Após a análise laboratorial do material coletado, o resultado da citologia cérvico-
vaginal (também denominado pelo laboratório como exame preventivo ou 
colpocitologia oncótica) é fornecido em cerca de 3 a 5 dias. 
O material coletado no exame preventivo pode ser usado para detectar não só a 
presença de células oncogênicas, mas também a presença do vírus HPV e de infecções 
ginecológicas como a candidíase, clamídia gonorréia, sífilis, tricomoníase e 
gardnerella. 
 
Colposcopia: 
A colposcopia funciona como se fosse um microscópio e permite a análise do colo do 
útero, a vagina e a vulva de forma ampliada e detalhada, por conta das lentes de 
aumento utilizadas no processo. É um exame que, em geral, é realizado junto com o 
exame de Papanicolau. 
É um exame capaz de analisar os tecidos desses órgãos e diagnosticar lesões benignas 
(inflamações), pré-malignas que antecedem o câncer e lesões malignas. 
Também pode ser identificado pelo exame doenças, como: inflamação do colo do 
útero, dor pélvica, pólipos benignos, sangramentos e verrugas genitais no colo do 
útero (geralmente causadas pelo vírus do HPV). 
Caso seja identificada lesões, biópsias podem ser realizadas durante o exame. 

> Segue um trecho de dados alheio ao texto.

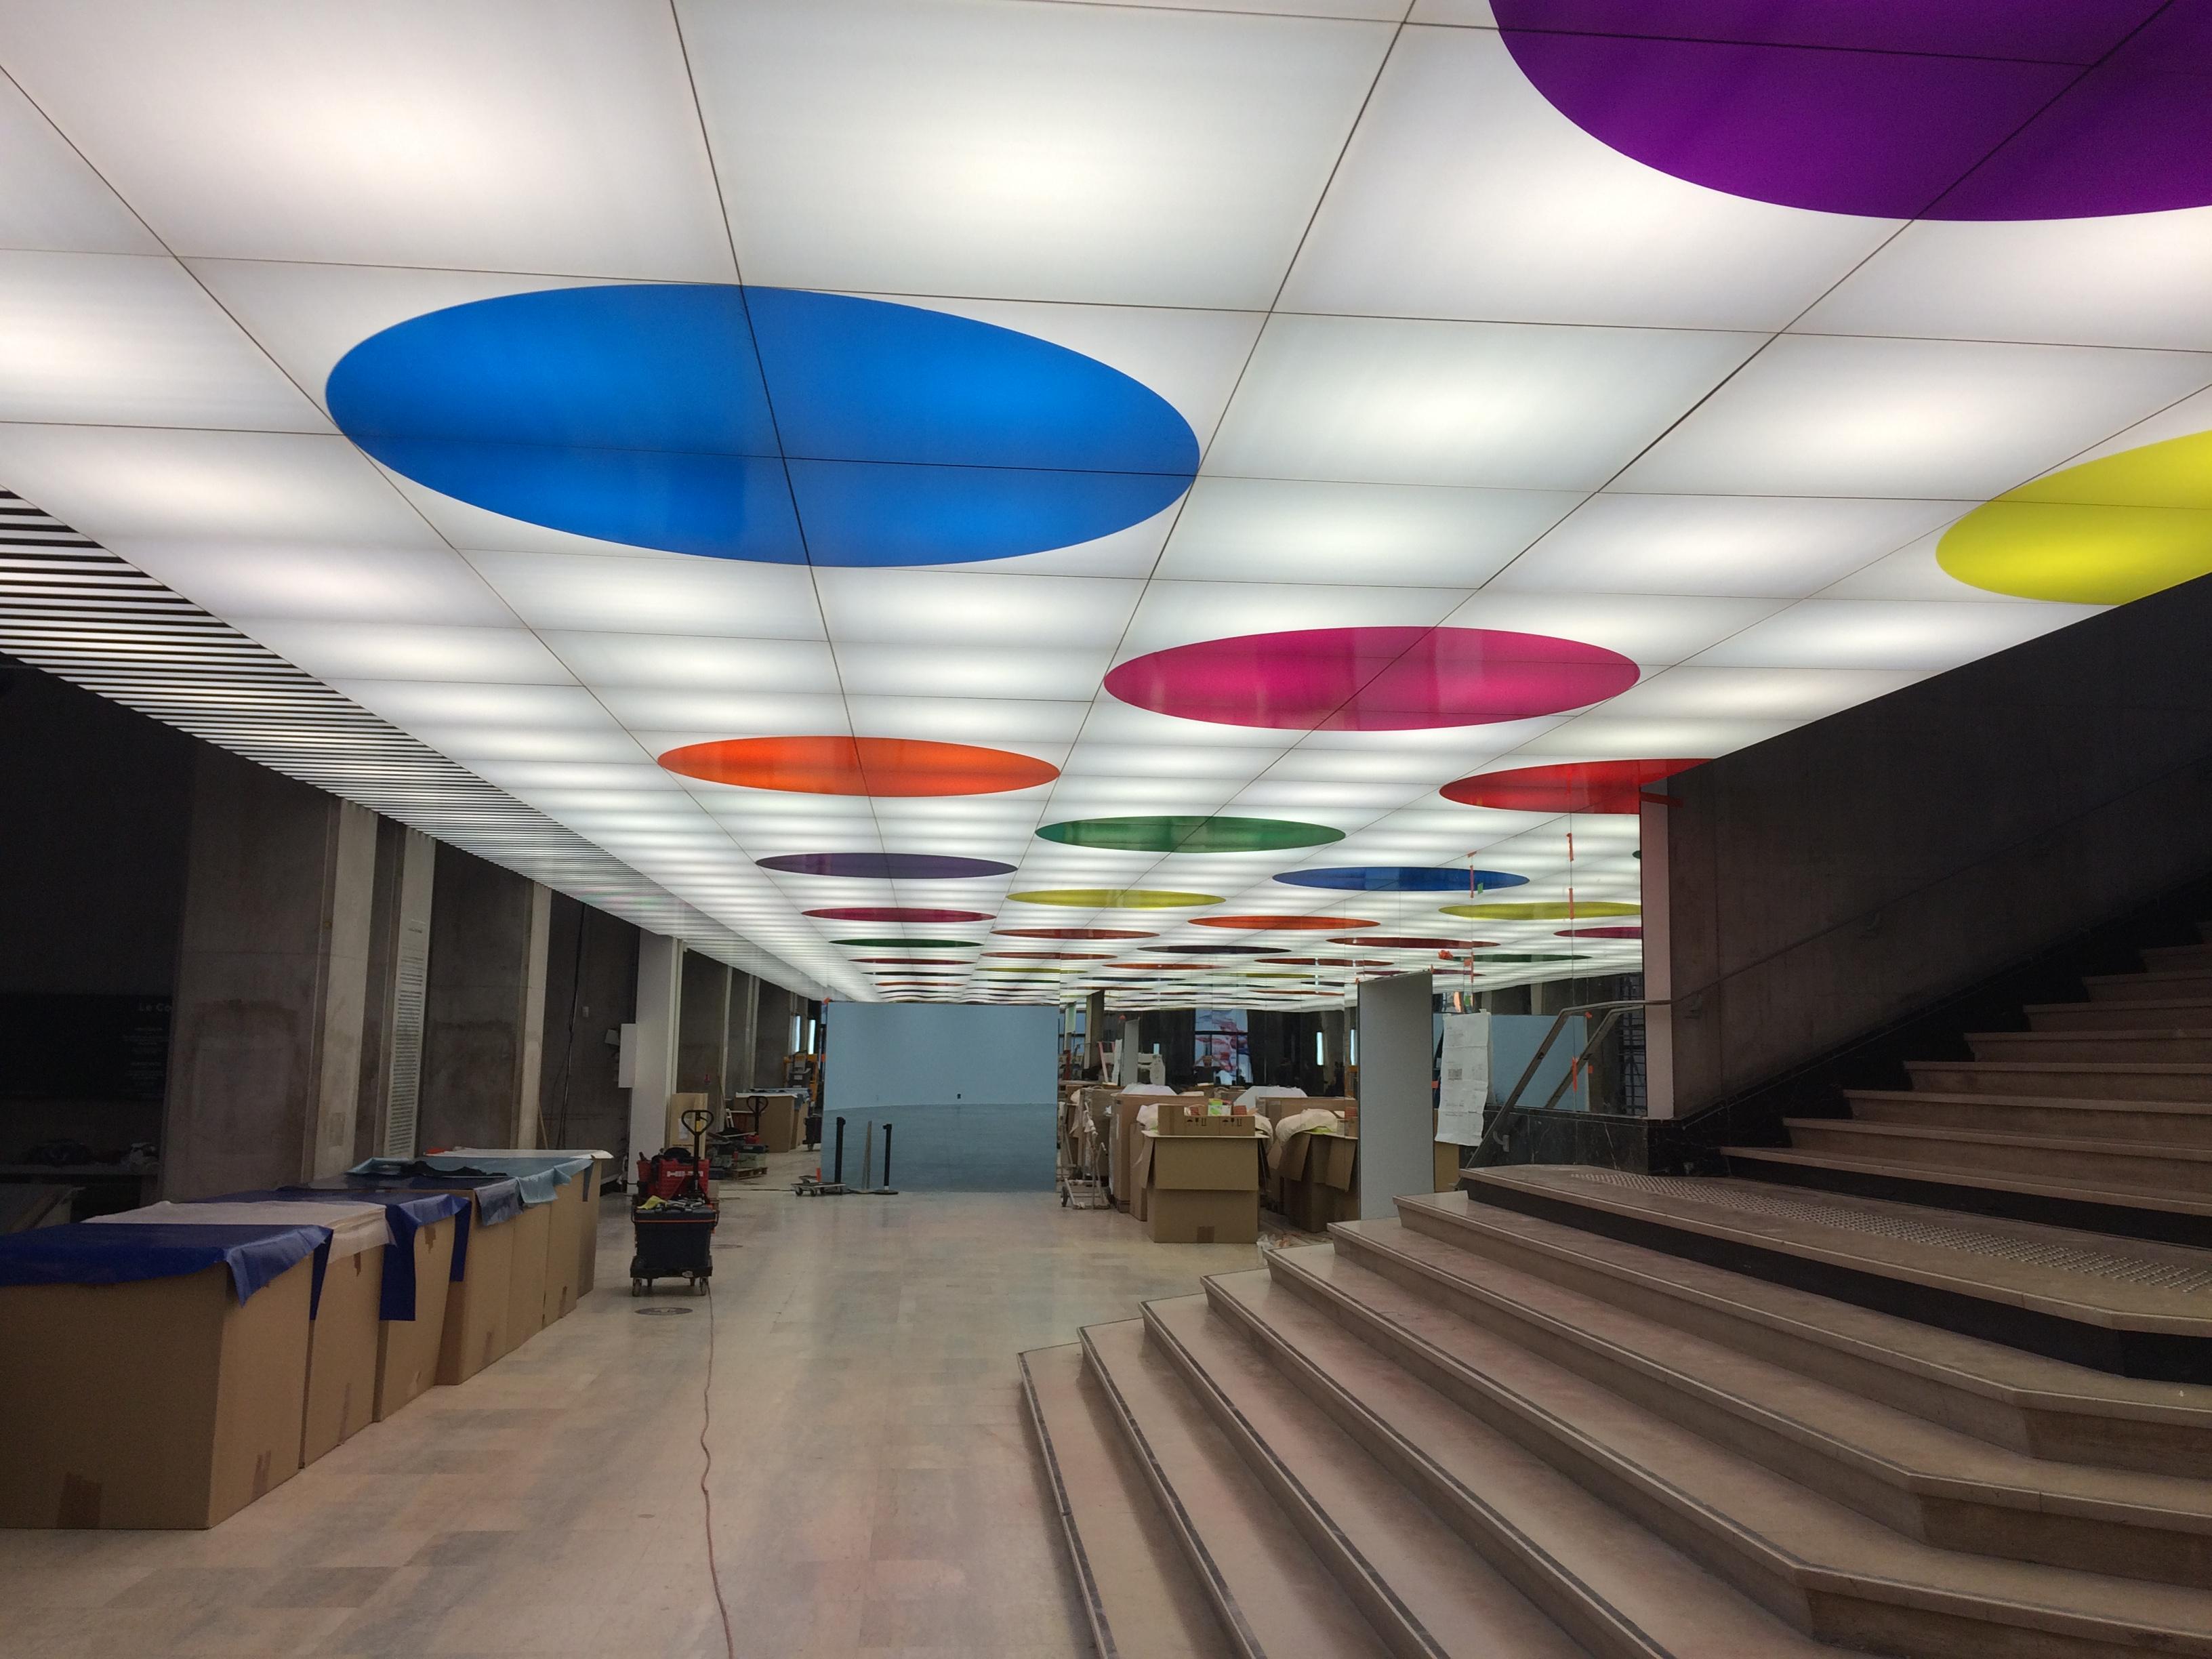 Plafond suspendu D. BURREN, Palais de Tokyo 2016, Paris

Este exame é geralmente recomendado para mulheres que tem um resultado anormal 
do exame de papanicolaou ou para aquelas que durante o exame ginecológico foi 
notada alguma alteração. 
A colposcopia também é indicada quando é necessária uma biópsia do colo do útero 
ou quando há uma suspeita de Papiloma Virus. ( HPV ) 
Como é realizado: 
Colposcopia é um exame que permite visualizar a vagina e o colo do útero através de 
um aparelho chamado COLPOSCÓPIO. Estes exames são grandes aliados no 
diagnóstico e tratamento do HPV, Human Papiloma Virus, da vagina e do colo do 
útero. A colposcopia é indicada nos casos de resultados anormais do exame de 
papanicolaou para se identificar as lesões precursoras do câncer de colo de útero. 
Este aparelho permite o aumento de 10 a 40 vezes do tamanho normal. 

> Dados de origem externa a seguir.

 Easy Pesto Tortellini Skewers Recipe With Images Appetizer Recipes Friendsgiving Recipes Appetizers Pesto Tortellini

https://drauziovarella.uol.com.br/corpo-humano/vagina/
O exame é realizado no próprio consultório médico com a paciente na mesa de 
exame. Após colocar o espéculo vaginal o médico examina a vulva, a vagina e o colo 
do útero com o colposcópio. 
O exame não é muito diferente de uma consulta ginecológica comum, portanto, a 
paciente deverá retirar a roupa da parte inferior do corpo e se deitar na maca com as 
duas pernas afastadas, em posição ginecológica. 
Após a paciente se posicionar, é introduzido um espéculo vaginal (aparelho utilizado 
para manter a vagina aberta durante o exame) e posicionado o colposcópio cerca de 
30cm de distância dela. 
O aparelho permite ter uma visão muito ampliada da área e possui um filtro de cores 
que auxilia no diagnóstico de pequenos vasos sanguíneos anormais no colo do útero. 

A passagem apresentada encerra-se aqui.